How Your State Is Teaching Kids Financial Literacy | National

Gone are the days when learning how to balance a checkbook in home economics class was enough to prepare young people for financial responsibility – if there was ever a time when that was true. Financial literacy is an undeniably valuable tool for navigating an increasingly digital and data-driven world. Online banking and investing are becoming more accessible, and dozens of financial apps can help users track their credit scores, account balances, and budgets in real time. But even with more tools available, income inequality continues to rise and student loan debt is valued at an all-time high $1.7 trillion nationwide.

Citing data from the Council for Economic Education, GoHenry looked at six types of laws mandating personal finance education across the country and outlined each state’s position on each.

Despite the fact that 83% of Americans believe parents are responsible to teach their kids about finances, very few actually talk to their kids about money, according to an April 2022 CNBC poll. In fact, 69% of parents say they are hesitant to discuss finances with their children. Because of this discomfort with talking about money, many children and young adults are only learning these financial concepts for the first time in school. But how schools cover personal finance varies depending on the state you live in, your school district, and your school’s resources.

According to Economic Education Council, which publishes national standards for teaching personal finance, important topics to include in financial literacy courses are income, spending, saving, investing, credit management, and risk management. But only about half of states require personal finance topics to be covered in schools.

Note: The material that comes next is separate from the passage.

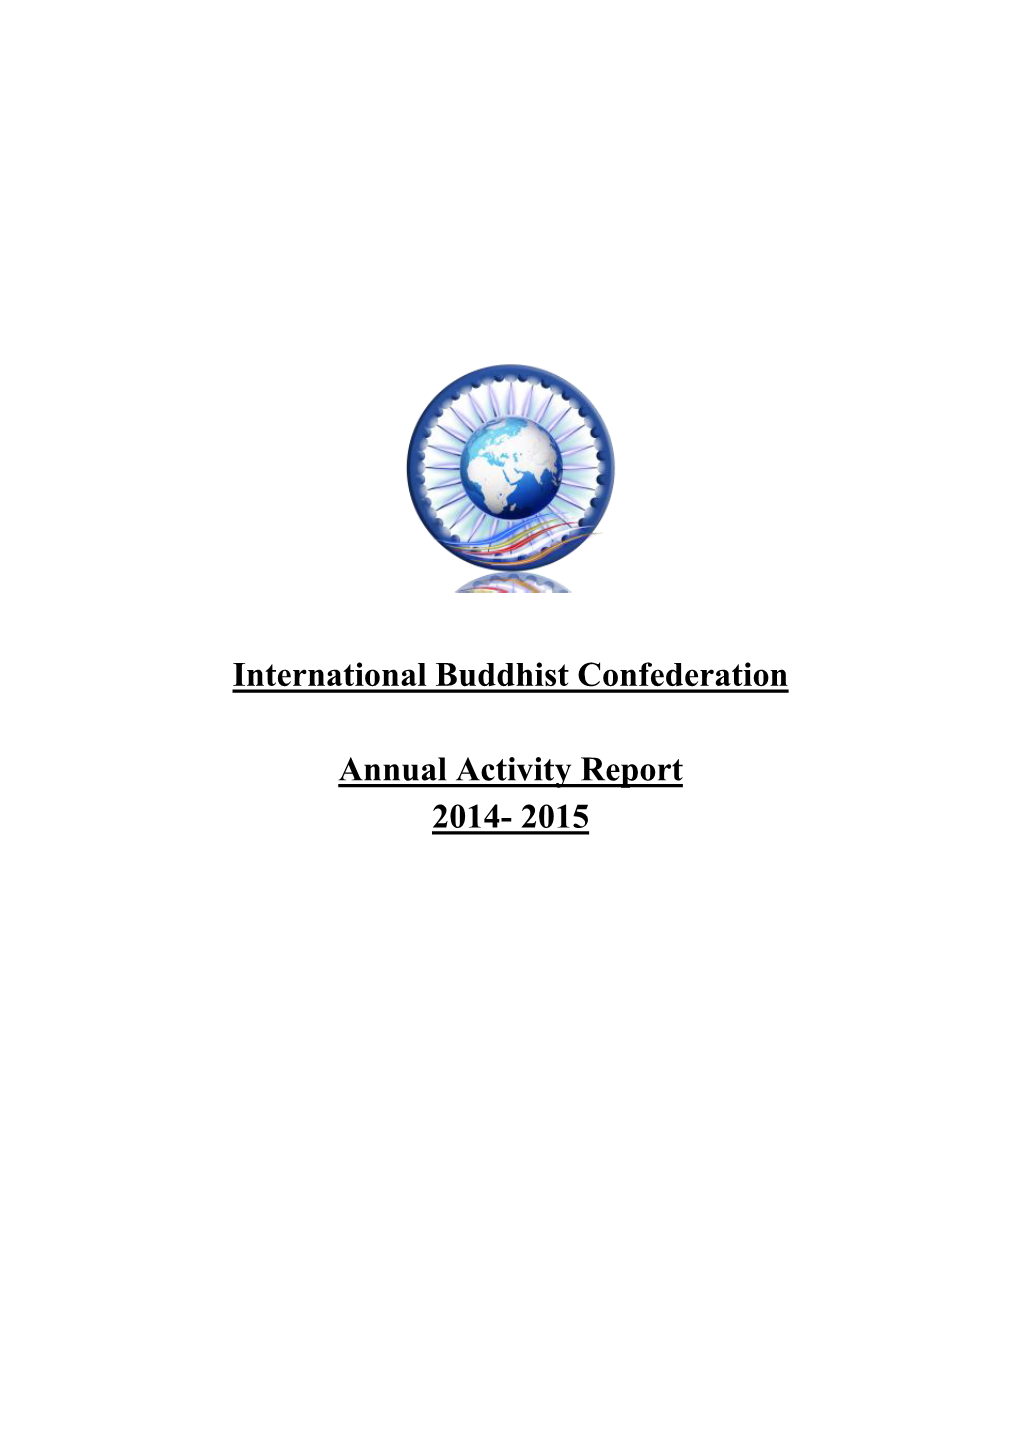 International Buddhist Confederation Annual Activity Report 2014- 2015
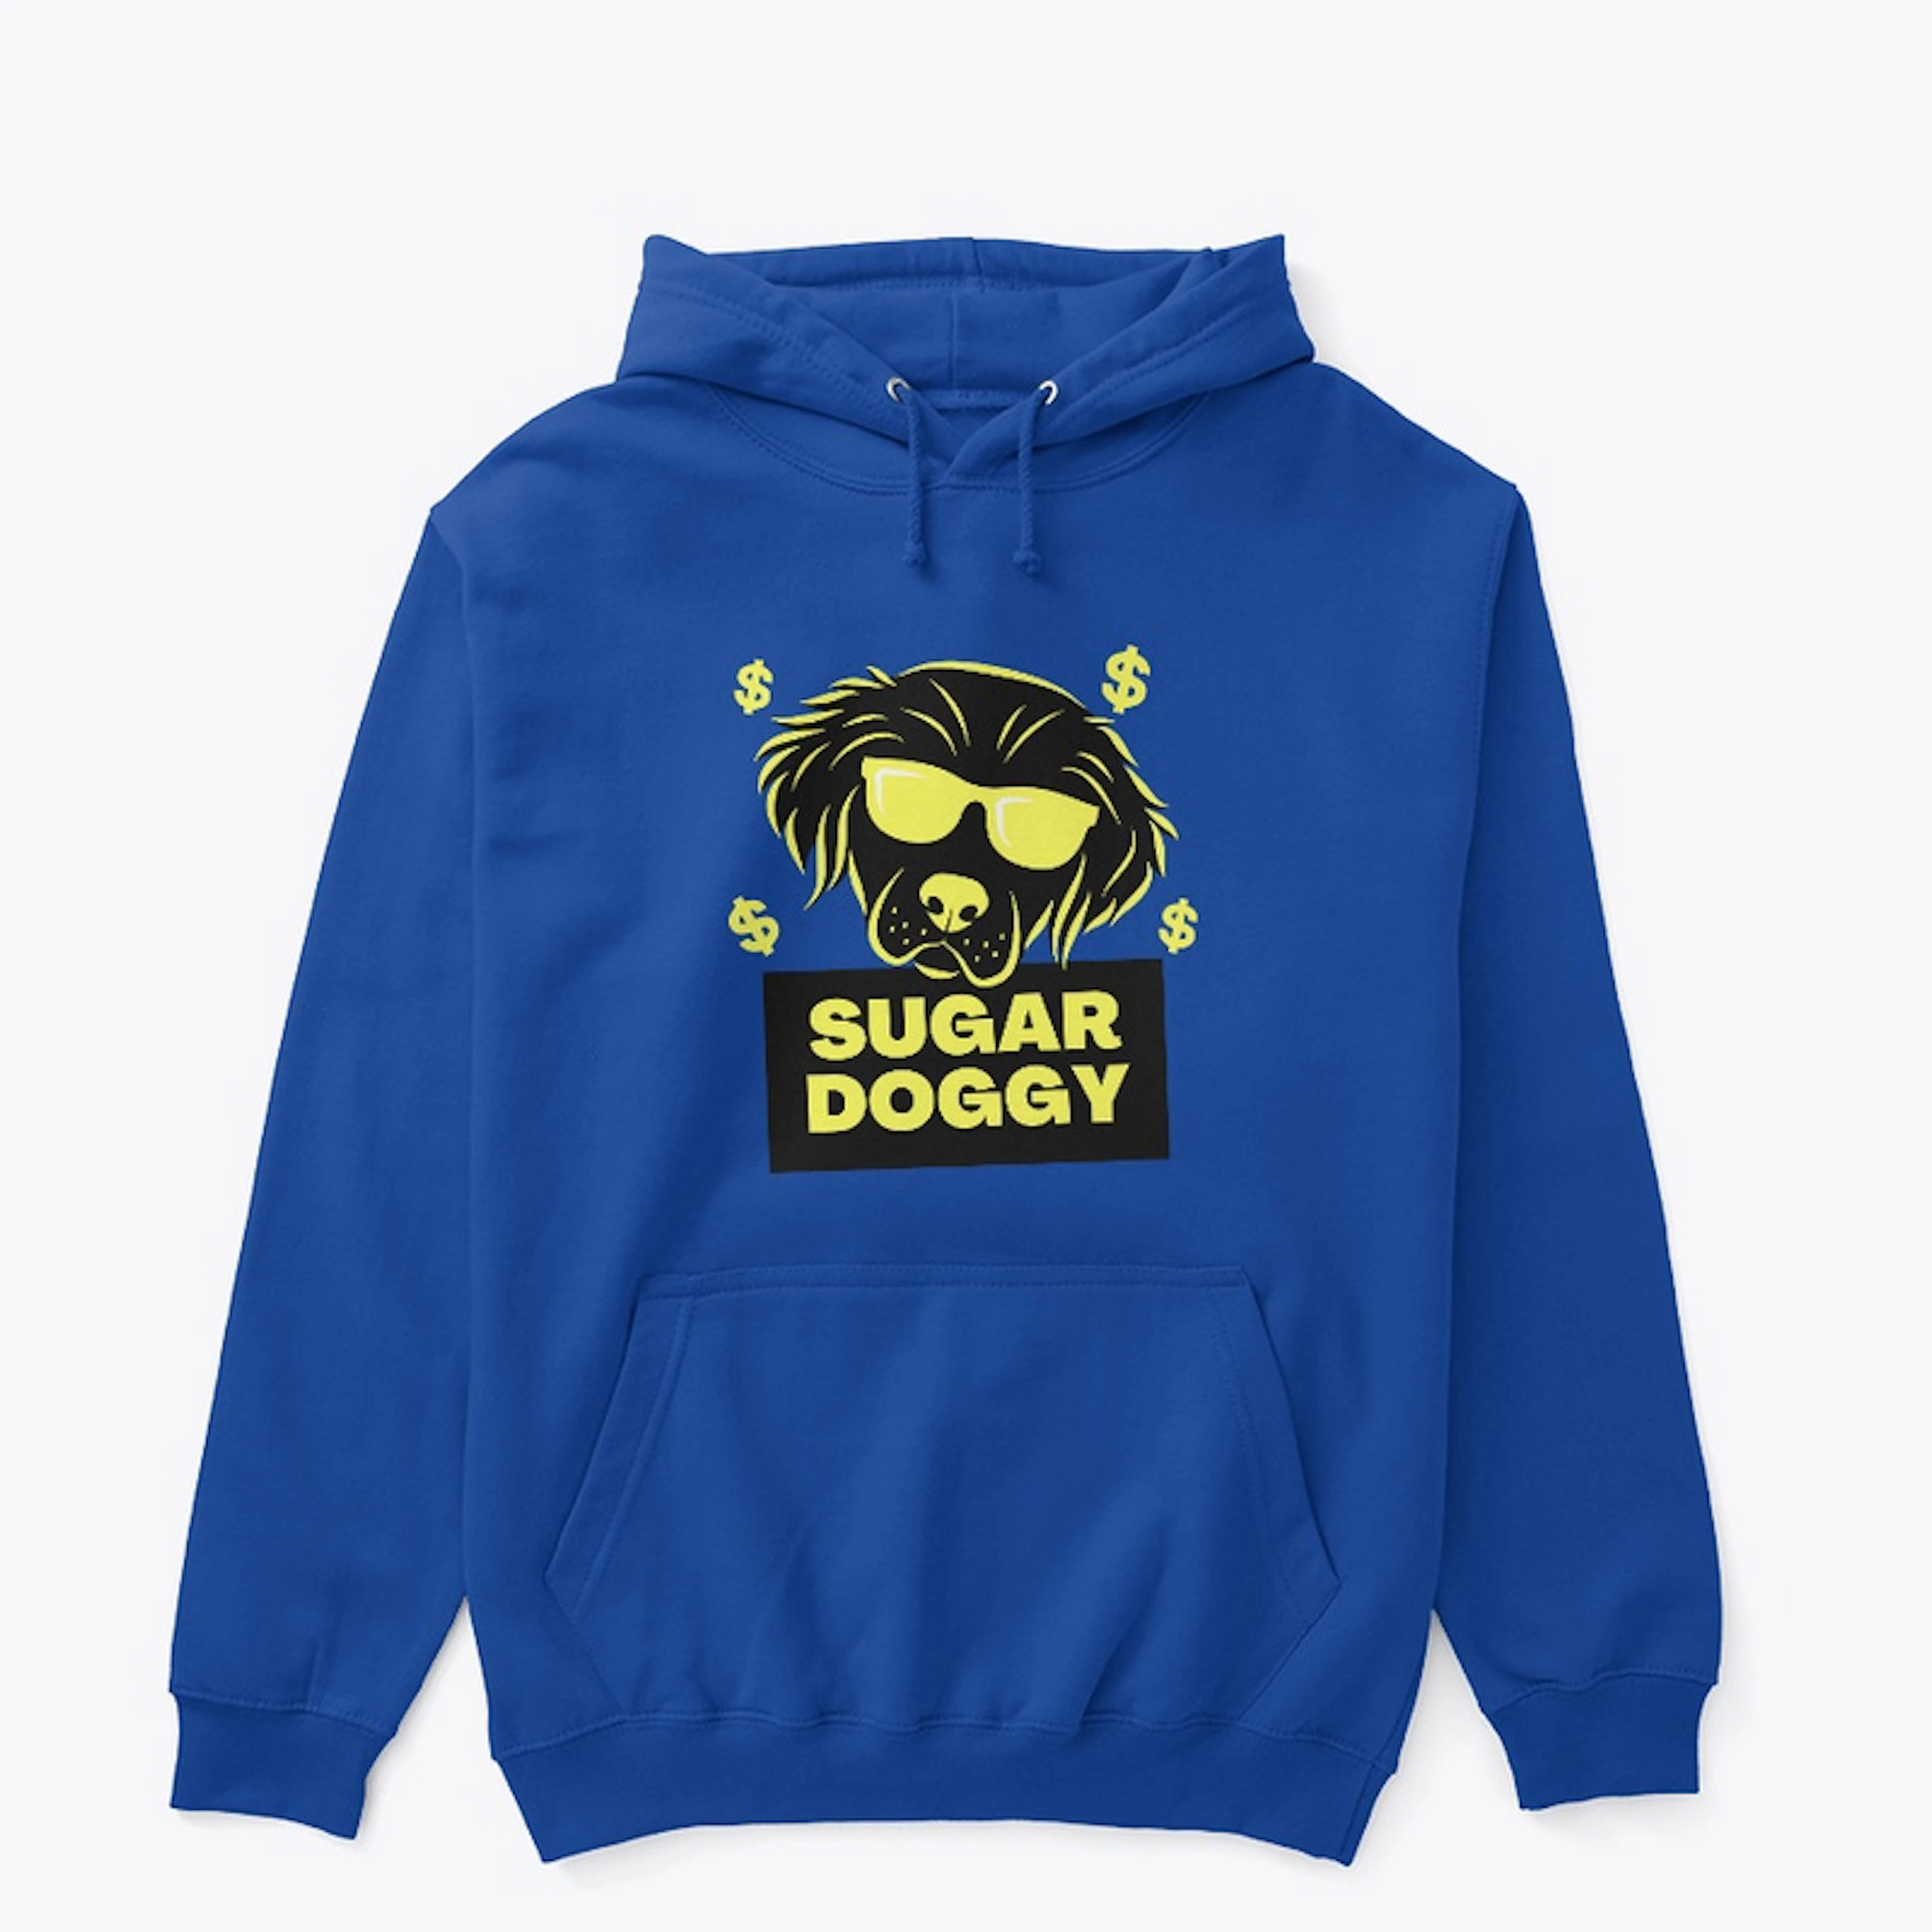 Sugar Doggy - The Swag Pup Tee

According to a Milken Institute Report 2021, the inequality of the financial literacy landscape in the United States runs along racial, socio-economic, and gender lines; populations historically excluded from financial stability and prosperity are also less likely to have access to personal finance education, perpetuating a cycle of disempowerment.

Strengthening financial literacy in schools is becoming a growing priority for states and school districts across the country, and it’s a step in helping an individual understand financial fundamentals. But this alone is not enough to change the financial destiny of many young people. Systemic, often racial, inequalities are supported by intergenerational wealth and poverty. In other words, having access to personal finance knowledge is not the same as having money. Conversely, strong social assistance programsespecially during the COVID-19 pandemic, have significantly reduced poverty rates.